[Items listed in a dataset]

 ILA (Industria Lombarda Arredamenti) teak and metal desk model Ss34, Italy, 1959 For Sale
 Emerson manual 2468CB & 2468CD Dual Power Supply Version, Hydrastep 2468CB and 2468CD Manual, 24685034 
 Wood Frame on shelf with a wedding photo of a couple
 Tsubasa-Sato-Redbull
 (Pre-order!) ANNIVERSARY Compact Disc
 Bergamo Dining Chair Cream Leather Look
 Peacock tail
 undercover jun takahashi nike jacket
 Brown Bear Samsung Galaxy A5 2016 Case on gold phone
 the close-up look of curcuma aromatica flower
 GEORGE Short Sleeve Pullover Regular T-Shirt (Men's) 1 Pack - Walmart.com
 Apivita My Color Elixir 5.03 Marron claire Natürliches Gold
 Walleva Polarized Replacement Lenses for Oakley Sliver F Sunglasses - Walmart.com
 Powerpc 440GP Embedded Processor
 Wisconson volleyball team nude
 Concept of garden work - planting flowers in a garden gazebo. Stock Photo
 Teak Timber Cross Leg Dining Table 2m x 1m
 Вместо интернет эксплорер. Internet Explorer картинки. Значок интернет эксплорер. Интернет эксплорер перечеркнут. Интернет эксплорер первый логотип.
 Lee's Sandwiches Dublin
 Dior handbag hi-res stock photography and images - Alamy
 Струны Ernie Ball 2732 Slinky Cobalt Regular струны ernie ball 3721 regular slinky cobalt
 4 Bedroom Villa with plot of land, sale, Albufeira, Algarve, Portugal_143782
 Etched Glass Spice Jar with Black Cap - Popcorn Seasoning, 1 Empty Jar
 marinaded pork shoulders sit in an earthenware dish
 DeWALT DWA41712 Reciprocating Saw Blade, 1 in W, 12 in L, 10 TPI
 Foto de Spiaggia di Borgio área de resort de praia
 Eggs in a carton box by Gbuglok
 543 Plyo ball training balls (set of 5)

- **PROBLEM TO SOLVE**
Reproduce exactly every line between the line with "Brown Bear Samsung" and the last line of the records above, both included.

- **RESULT OF THE EXERCISE**
 Brown Bear Samsung Galaxy A5 2016 Case on gold phone
 the close-up look of curcuma aromatica flower
 GEORGE Short Sleeve Pullover Regular T-Shirt (Men's) 1 Pack - Walmart.com
 Apivita My Color Elixir 5.03 Marron claire Natürliches Gold
 Walleva Polarized Replacement Lenses for Oakley Sliver F Sunglasses - Walmart.com
 Powerpc 440GP Embedded Processor
 Wisconson volleyball team nude
 Concept of garden work - planting flowers in a garden gazebo. Stock Photo
 Teak Timber Cross Leg Dining Table 2m x 1m
 Вместо интернет эксплорер. Internet Explorer картинки. Значок интернет эксплорер. Интернет эксплорер перечеркнут. Интернет эксплорер первый логотип.
 Lee's Sandwiches Dublin
 Dior handbag hi-res stock photography and images - Alamy
 Струны Ernie Ball 2732 Slinky Cobalt Regular струны ernie ball 3721 regular slinky cobalt
 4 Bedroom Villa with plot of land, sale, Albufeira, Algarve, Portugal_143782
 Etched Glass Spice Jar with Black Cap - Popcorn Seasoning, 1 Empty Jar
 marinaded pork shoulders sit in an earthenware dish
 DeWALT DWA41712 Reciprocating Saw Blade, 1 in W, 12 in L, 10 TPI
 Foto de Spiaggia di Borgio área de resort de praia
 Eggs in a carton box by Gbuglok
 543 Plyo ball training balls (set of 5)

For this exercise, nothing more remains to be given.